I agree that speed differences would most likely be minimal... but memory footprint and/or power consumption might be improved enough that the effort would be worth it for me (on my laptop).  I'll run Gentoo by itself for a while and see if I notice advantages in those areas relative to other distros, and if so, give the common kernel approach a try.

It seems though that you're saying that placing the kernel in /boot won't necessarily work for all distros though.  :Sad:   The article I read seemed to suggest that doing that would work... and now I can't find the article.  Oh well, I suppose I could put it in /boot (would 100 MB or so of space be enough, do you think?) and use links to point to the modules from the right places of the other distros.

----------

## NeddySeagoon

Fx,

Having a common /boot shared by all kernels saves your sanity.

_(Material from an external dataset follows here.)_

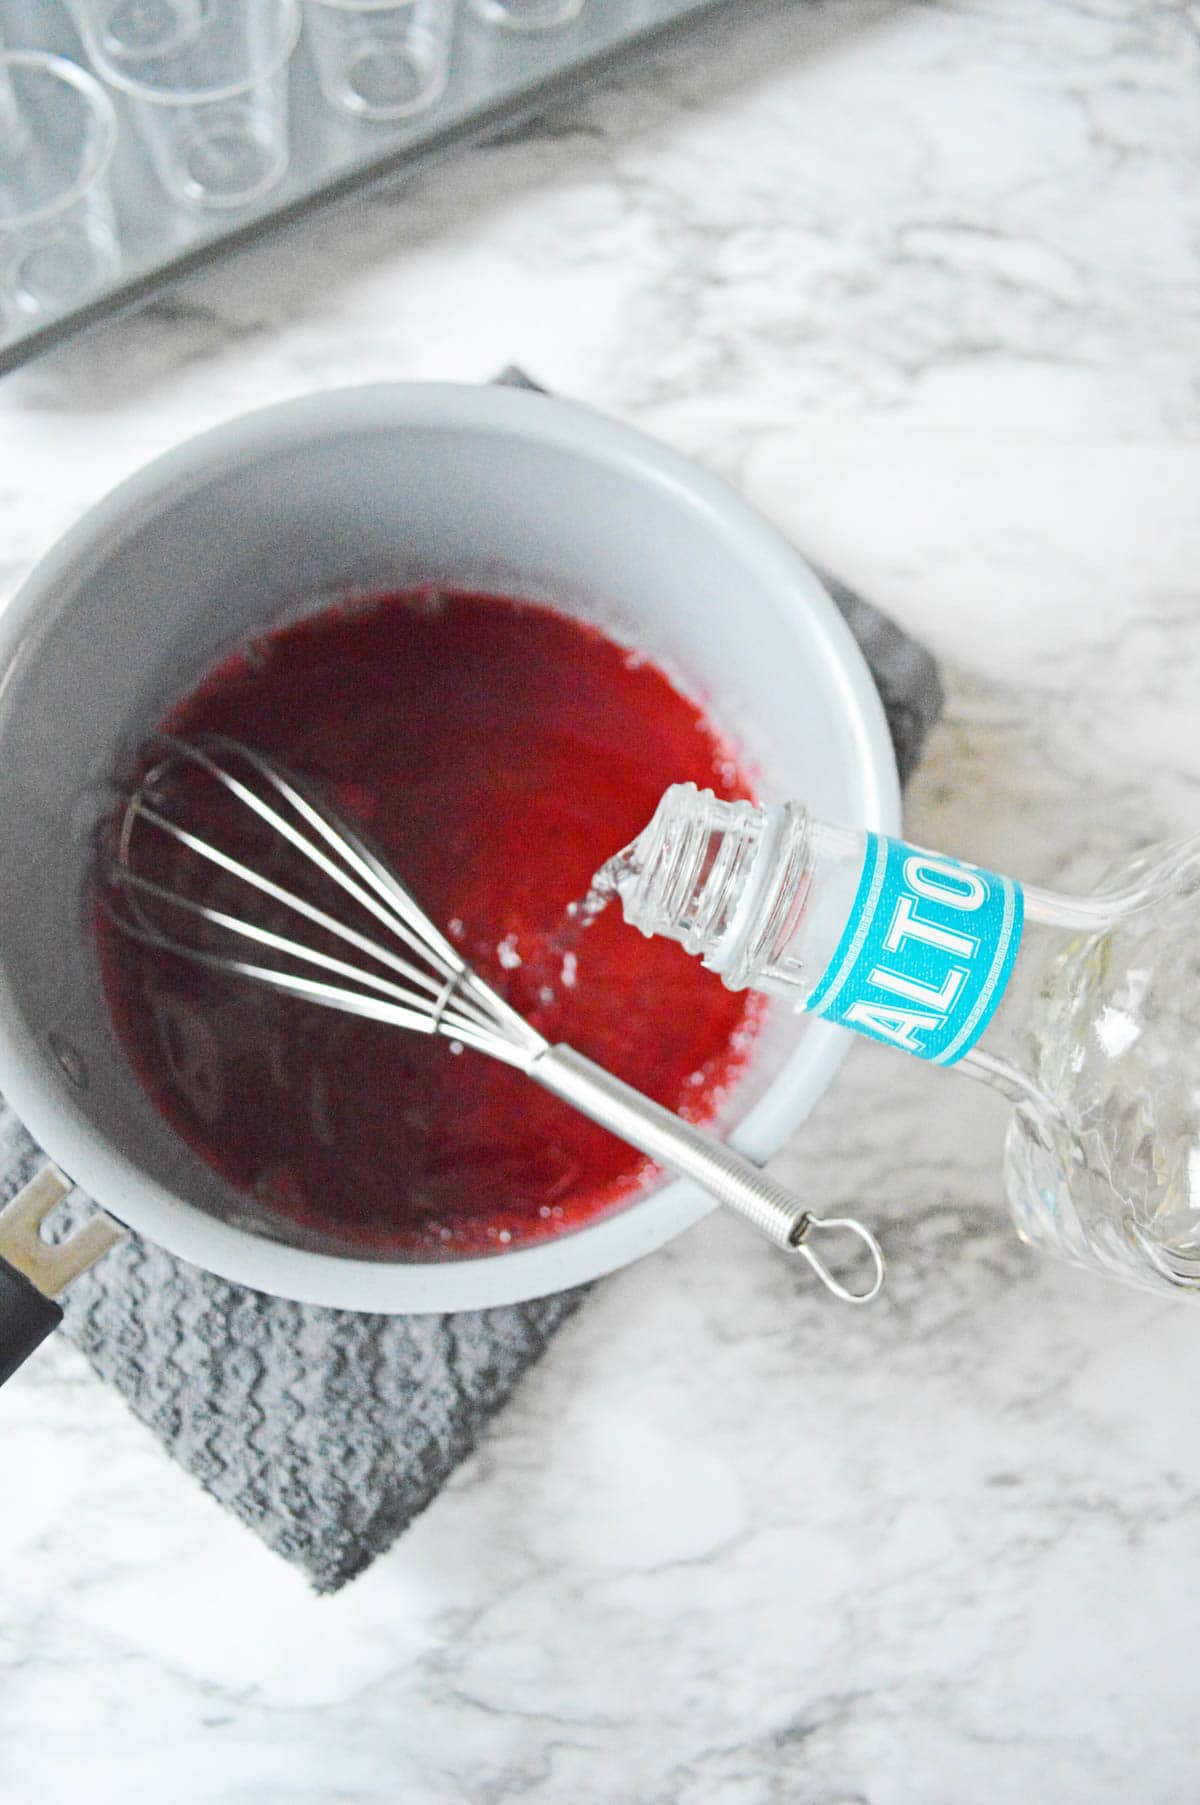 Adding alcohol to cherry jello

The kernel is in two parts - the part that goes into /boot and the part that goes into /lib/modules/`uname -r`/

You need both parts. the /lib/modules bit can be empty if you build a monolithic kernel buy some things won't work that way, so your gentoo /lib/modules/`uname -r`/ will need to be copied to all the other distros. You will need to do this at every kernel update.

Symlinks may work but you will need to have your Gentoo root mounted as that is where the links will point.

----------

## lxg

Fx,

I can tell you from a recent experience that trying to run (just for example) Ubuntu with a Gentoo kernel is a huge pain in the you-know-where. (I needed support for a specific piece of hardware that is not present in Lucid Lynxes 2.6.32.)

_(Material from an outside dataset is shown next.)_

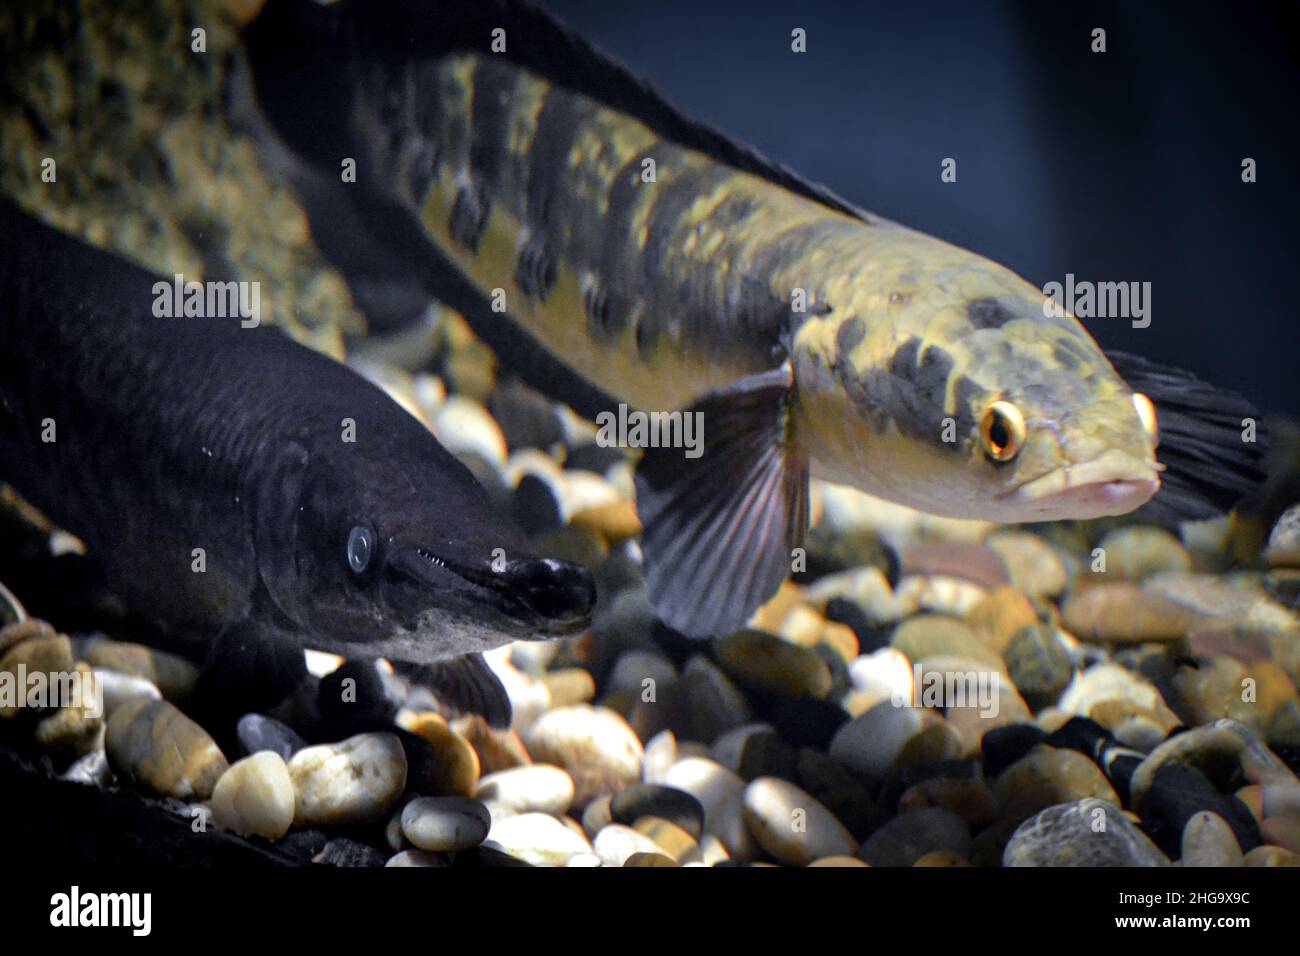 Channa argus fish Stock Photo
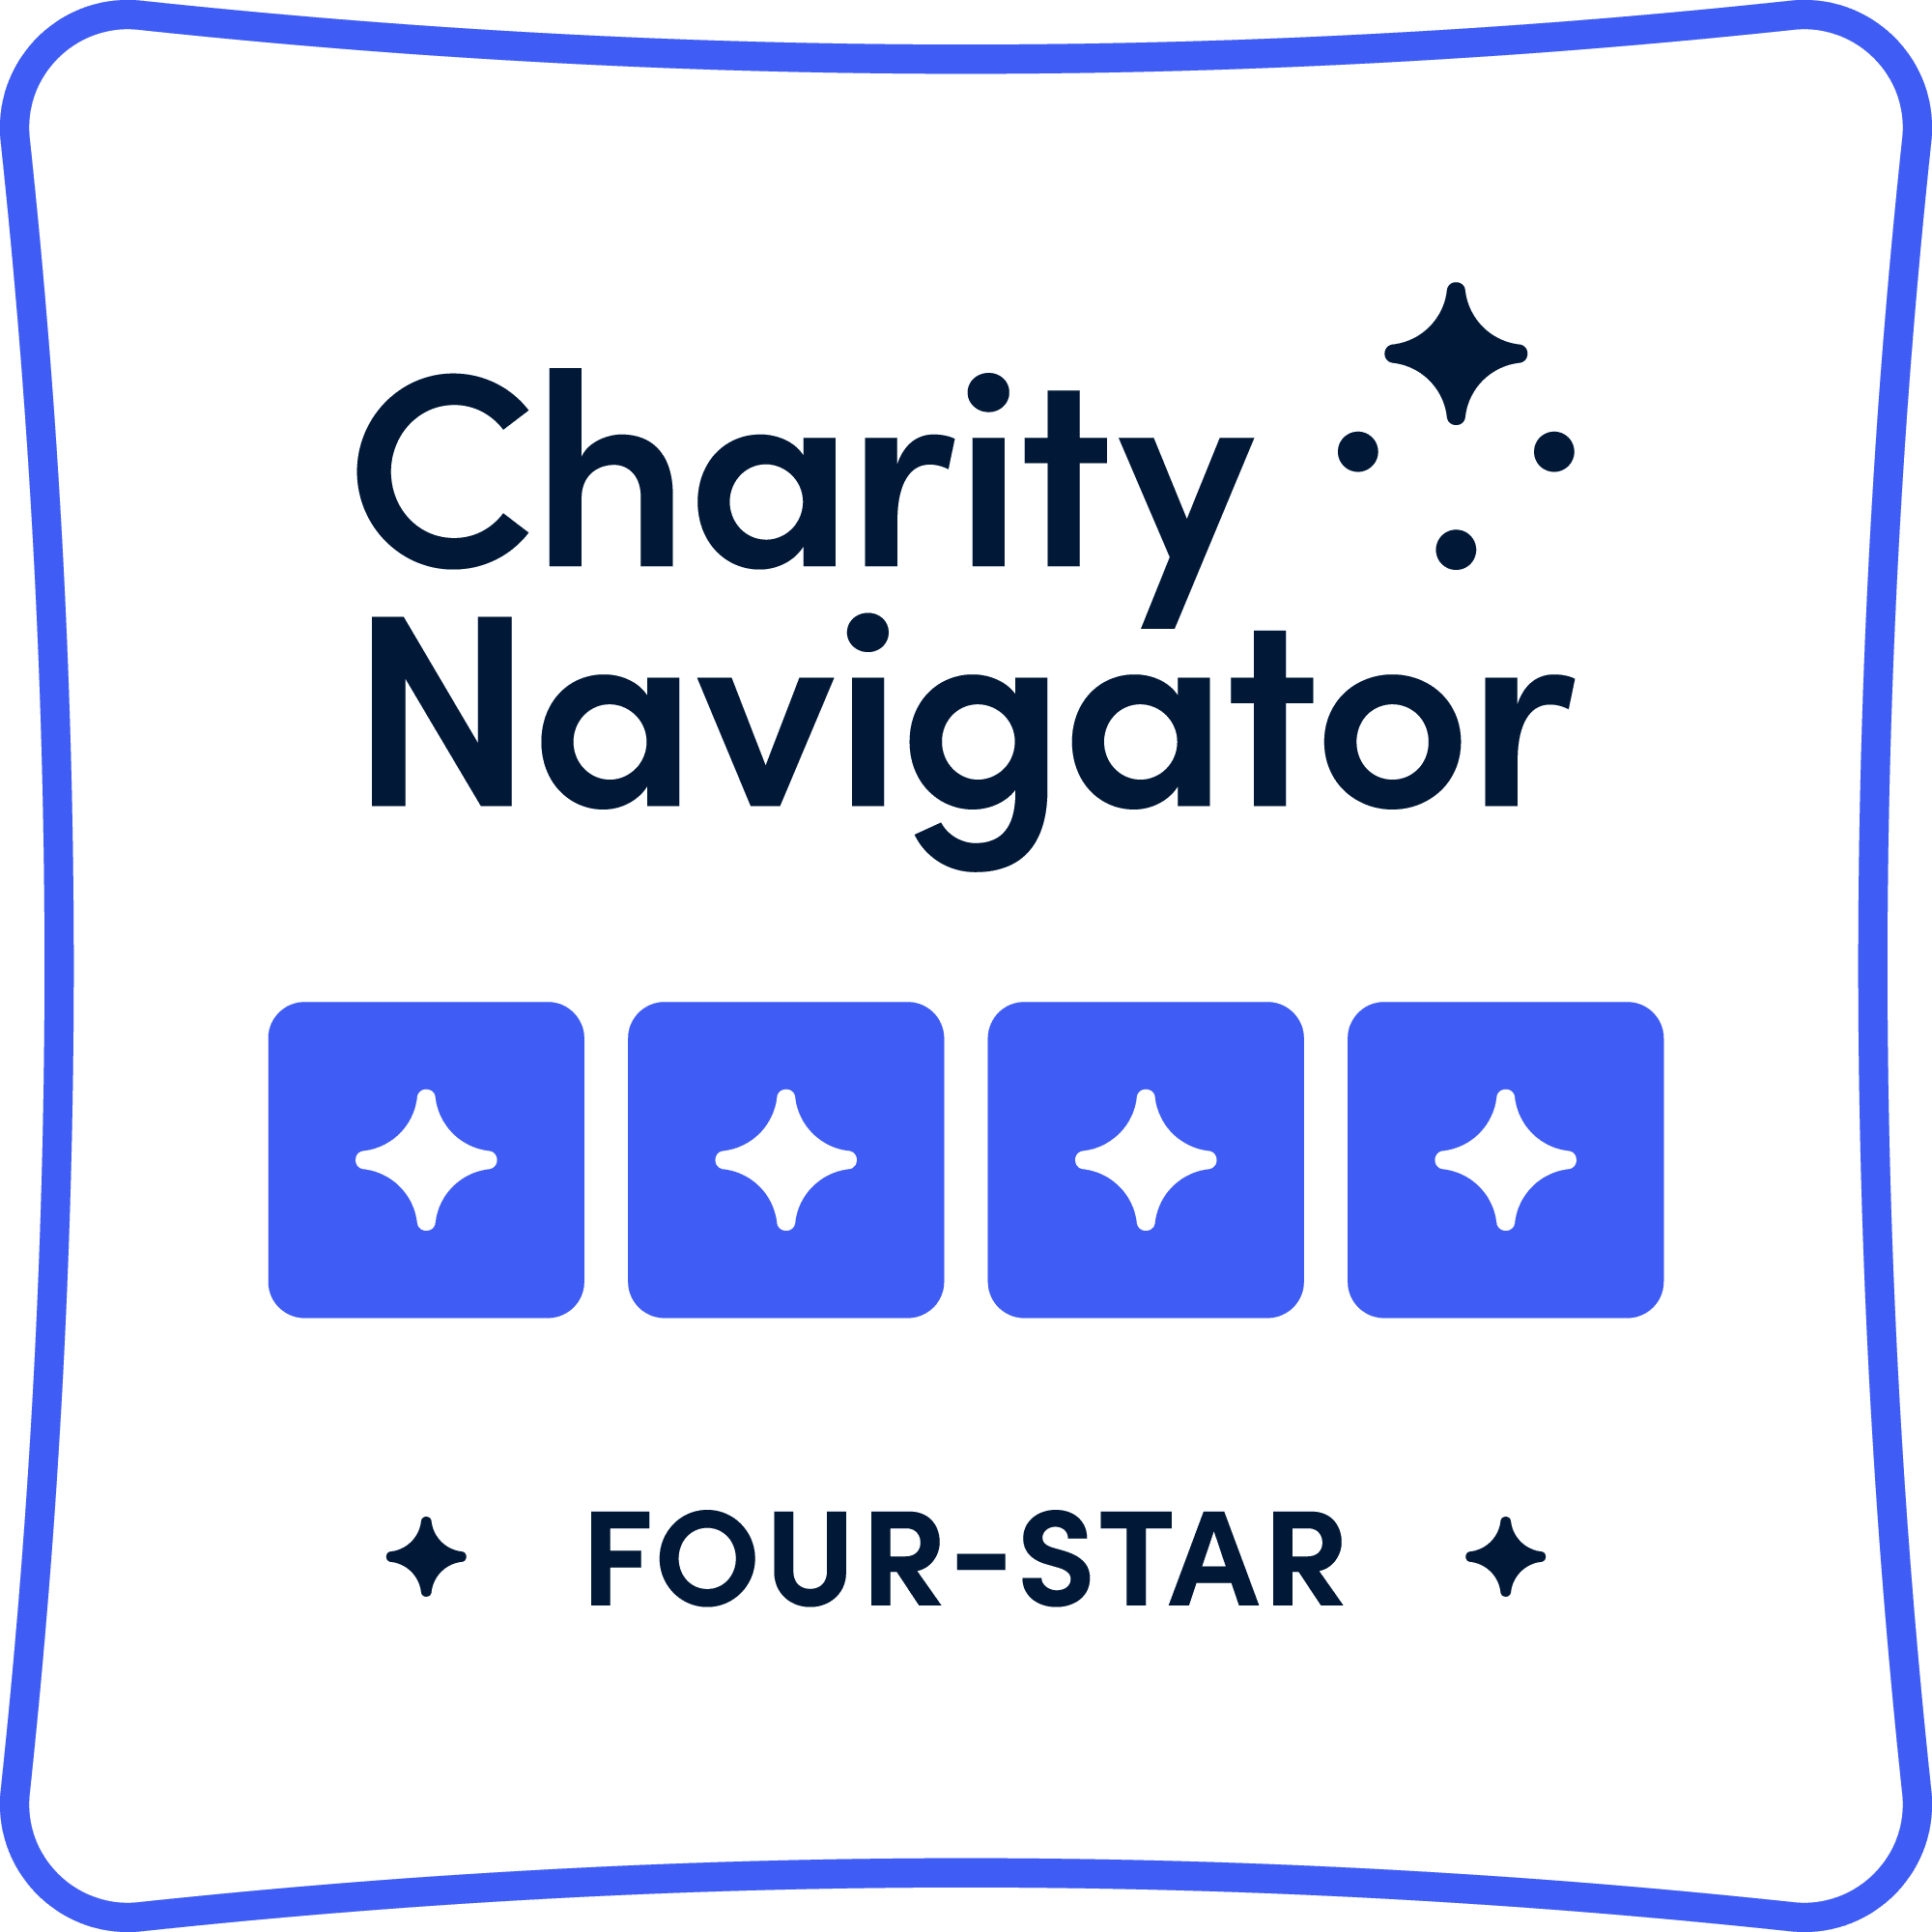 Charity navigator 4 star
badge

Heavily integrated distributions like Ubuntu have customized many things in the boot process, and they use different tools in various places. For example, Ubuntu 10.4 comes with Grub2, and you must use specific tools to manage the Grub configuration. Their way of setup also requires an Initial Ramdisk, in order to launch the graphical boot features – or you must uninstall them, too. Next, they doesn't use Init, but Upstart. And so on.

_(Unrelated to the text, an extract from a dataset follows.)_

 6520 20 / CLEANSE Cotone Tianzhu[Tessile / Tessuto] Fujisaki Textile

You will have a lot of trouble switching not only the kernel but also many other things, and even if you succeed, it will be far from stable: For example, as soon as you do an upgrade in Ubuntu that affects the kernel or the bootloader, you might end up with a unbootable system.

Apart from that, you will have a hard time getting support in forums. Not that anybody gets angry because you use some other distro's kernel.  :Wink:  But simply because nobody will be able to reproduce your problems.

This is why I switched that particular machine (my girlfriend's one) to Gentoo and didn't bother to integrate a Gentoo kernel into that other system.

(However, I once managed to get a SLES 9 to work with a then-current Gentoo kernel, but that was a server machine, and SLES 9 had a boot process similar to Gentoo's.)

----------

## Etal

As a suggestion, try to see if there are guides on how to compile the kernel for those particular distros, and what kind of stuff needs to be enabled. Many years ago, there used to be a guide on how to make a custom kernels for SuSE, for instance. If you know what the distro requires in the kernel, and you ensure it's in your kernel, it could save you some pain later.

----------

## Fx

Thank you all for the great suggestions and advice!!!

@Neddy:

Thank you for the tips on how to proceed.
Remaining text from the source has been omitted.